Life Support Systems explores ideas of a future existence for living organisms. Today, specialized companies offer primitive longevity by digitally archiving documentation about a person, organizing it in attractive user interfaces which can be browsed by later generations. In the near future, it is predicted that virtual animatronics will assume the role of these archives, recreating personalities based on the collected documentation.

The next milestone is a scan of the brain to directly create a virtual personality which exists in the virtual domain—i.e. uploading a personality. The Life Support Systems project attempts to achieve this milestone, starting with an organism which has both an inspirational beauty and behavioural simplicity. The project centers around efforts to upload the behavioral characteristics of the orchid Vanda Hybrida into computer memory.

The result is a virtual organism which can exist indefinitely, kept alive inside computer media such as hard disks, servers, networks.

A virtual organism is a data structure based on current ai technologies such as neural networks and hidden Markov models. After the live individual is disconnected, its virtual counterpart will continue to generate signals which mimic the patterns of the original. The virtual Vanda is visualized in 3D space as a self-organizing structure which adapts continually to its changing states. At even intervals, the structure is queried for its current characteristics, and the output of this query is used to produce image or sound.

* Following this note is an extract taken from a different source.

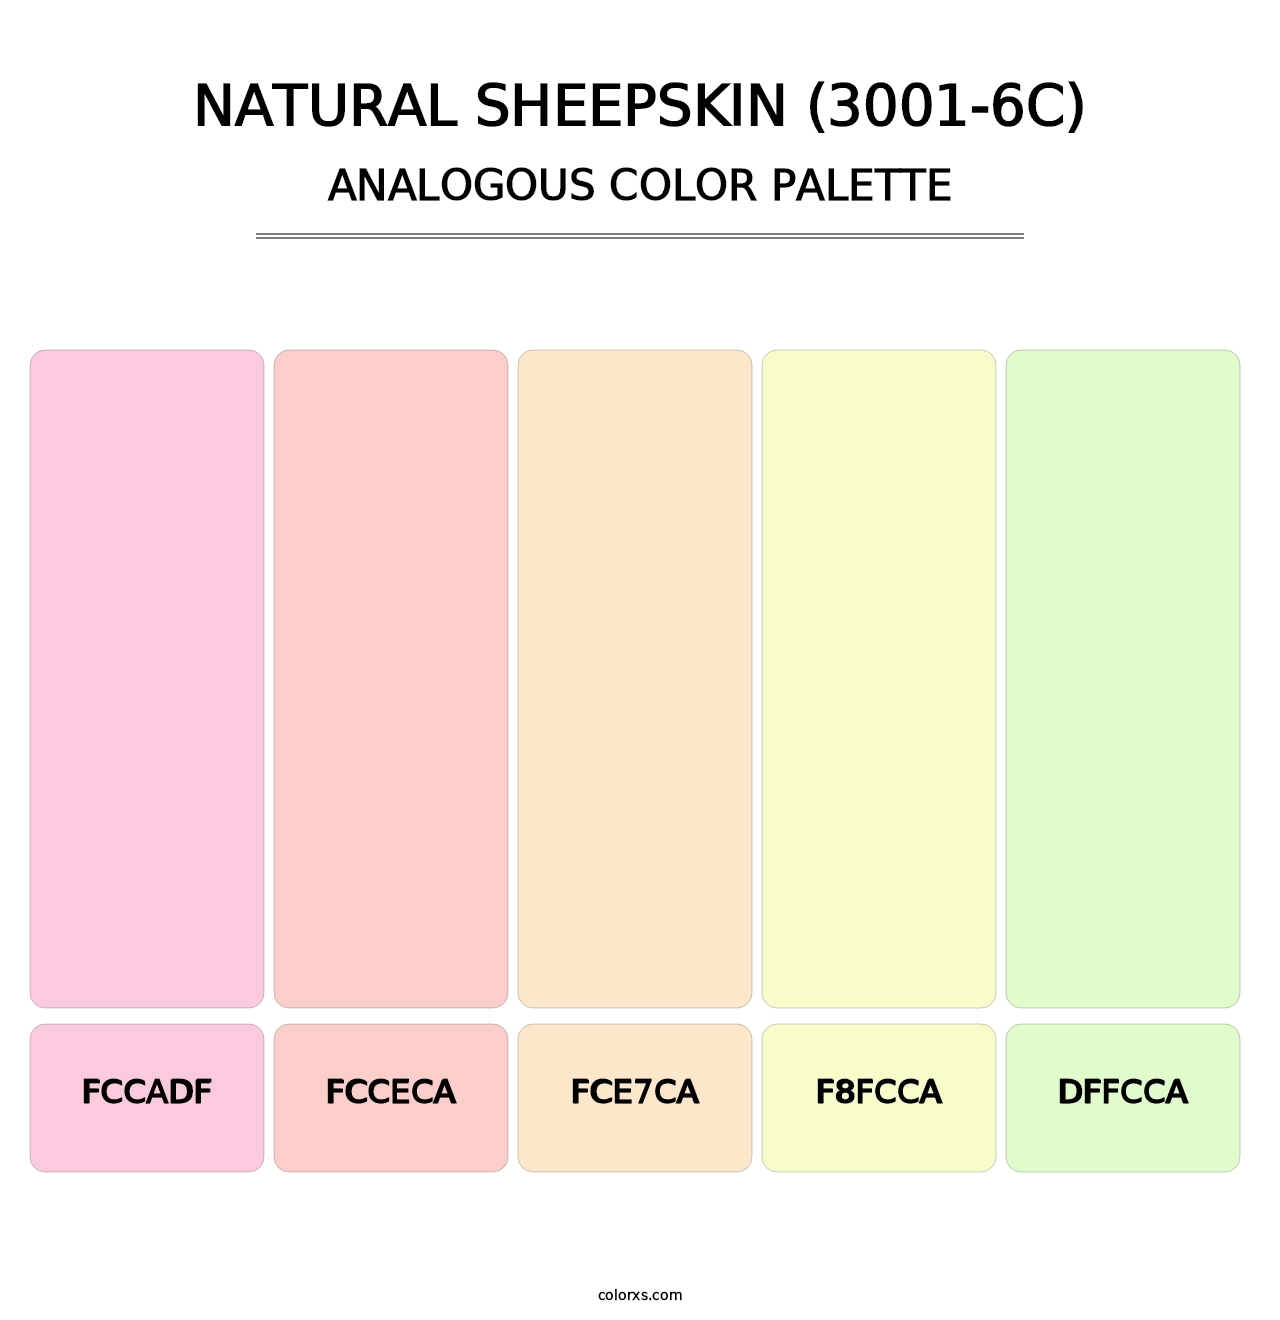 Natural Sheepskin (3001-6C) - Analogous Color Palette

The virtual organism has a structural build quite unlike the organic counterpart, yet when shown as a simple self-organizing graph in 3D, a sense of organic presence emerges. Does an avatar have to be made to look like its inception? Part of the research for this project is on how to visualize a virtual organism so that its inherent properties (character) are visible without pasting preconceived visual notions. One may expect that a virtual existence signifies completely different visual/aural experiences from life outside the computer. As an example, scientific visualization software produces images which sometimes are not unlike what one may expect of a virtual organism, yet retain their very own character.